Rain slashed against the windows of Nathaniel Grey’s apartment, carving trails down the glass
like the scars he couldn’t see on his own skin. The apartment was nearly empty, save for a
desk, a bed, and stacks of papers lying in scattered piles like fallen leaves, pages thick with his
handwriting. Nathaniel lived alone, and he’d perfected the art of retreat: each hour was
carved out to push anyone who cared about him further away.
It had been nearly a year since he’d last published anything, but it wasn’t for lack of trying.
He’d sit for hours, pen poised over paper or fingers resting on the keys, staring blankly into an
emptiness that never failed to stare back. Each time he tried, memories clawed at his mind,
surfacing as twisted, dark shadows that tangled his words until they felt like echoes of old
wounds he was afraid to reopen.
That night, the storm outside mirrored his own turmoil. He sat hunched over his desk, hands
trembling. His latest draft, only a few paragraphs long, lay beneath his fingers, but as he
looked at it, the words seemed foreign—like they’d been written by someone else.
In those words, he recognized fragments of his own life, patched into the story of a young boy
lost in a strange, oppressive land where memories hung like fog, thick and hard to breathe
through. Every line bled with isolation, with rage and fear disguised as bravery. And as
Nathaniel read over the boy’s journey, he knew exactly what he was doing, even if he couldn’t
admit it: he was writing his own pain into someone else’s story.
“Another failed attempt,” he muttered, voice low and rough from too many sleepless nights.
He dragged his hand across his face, half-hoping the pain from his memories would dull, but it
only sharpened. Nathaniel leaned back, staring at the ceiling, his mind slipping away to the
years before—before the wreck, before the shattered dreams and the slow, quiet collapse of
everything he’d built.
But then, the words he’d written echoed in his mind, and he felt something shift.

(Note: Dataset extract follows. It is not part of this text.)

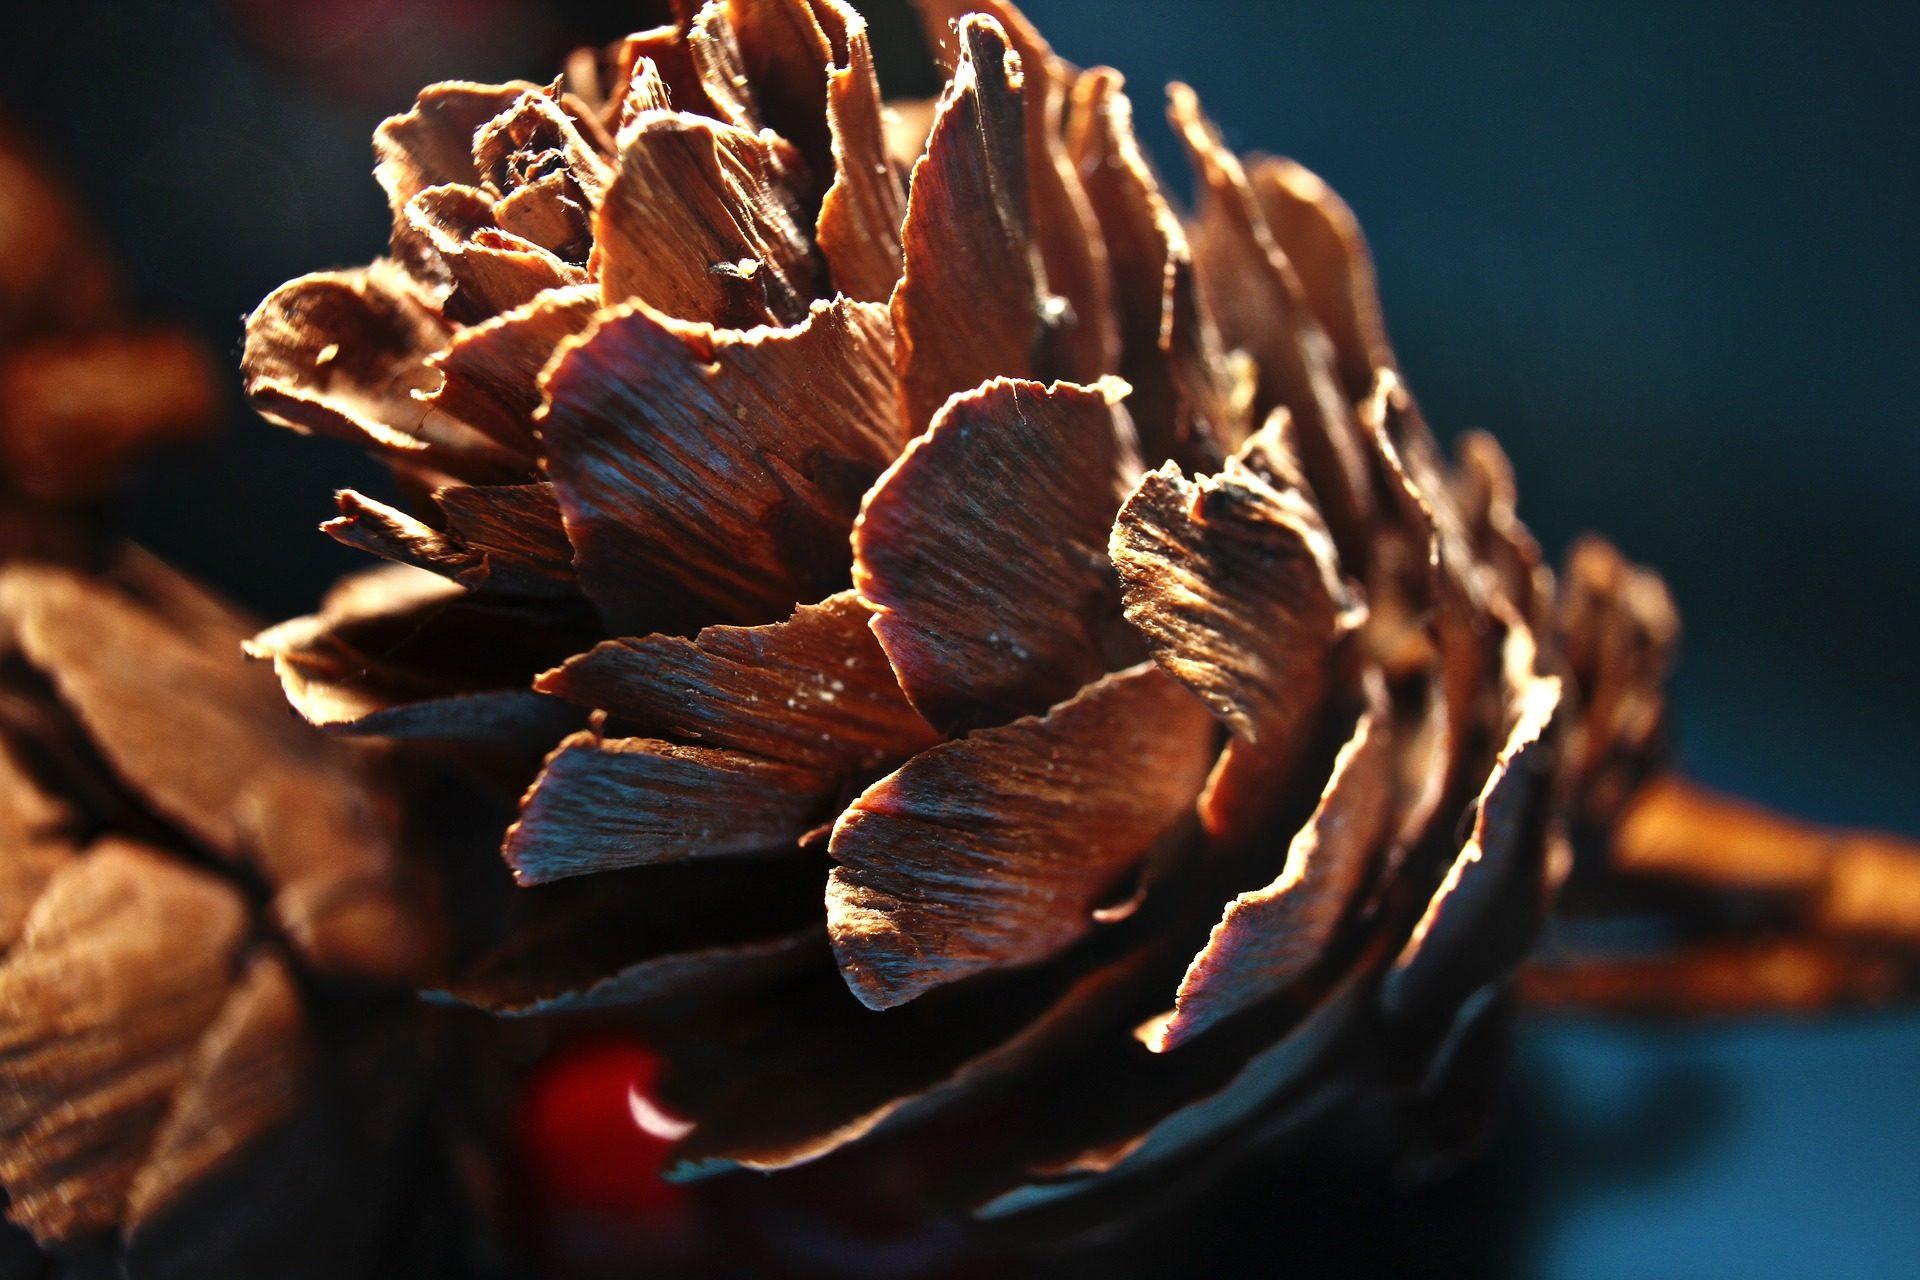 パイナップル, 松, フルーツ, シェル, 針葉樹 - HD の壁紙 - 教授-falken.com

The story
wasn’t a failure. If anything, it was a message—a way out, an invitation to dig through the
rubble he’d left buried in his own mind. He felt a flicker of life beneath the weight of his
sorrow, a reason to keep going, at least for another night.
He took a deep breath and pulled the draft closer, his pen steadying in his hand. If he had to
bleed out his memories onto paper to finally make sense of them, he’d do it. He’d give himself
a new beginning, even if it meant living through the past again, one word at a time.
And so, as the storm raged outside, Nathaniel Grey began the first chapter of his story.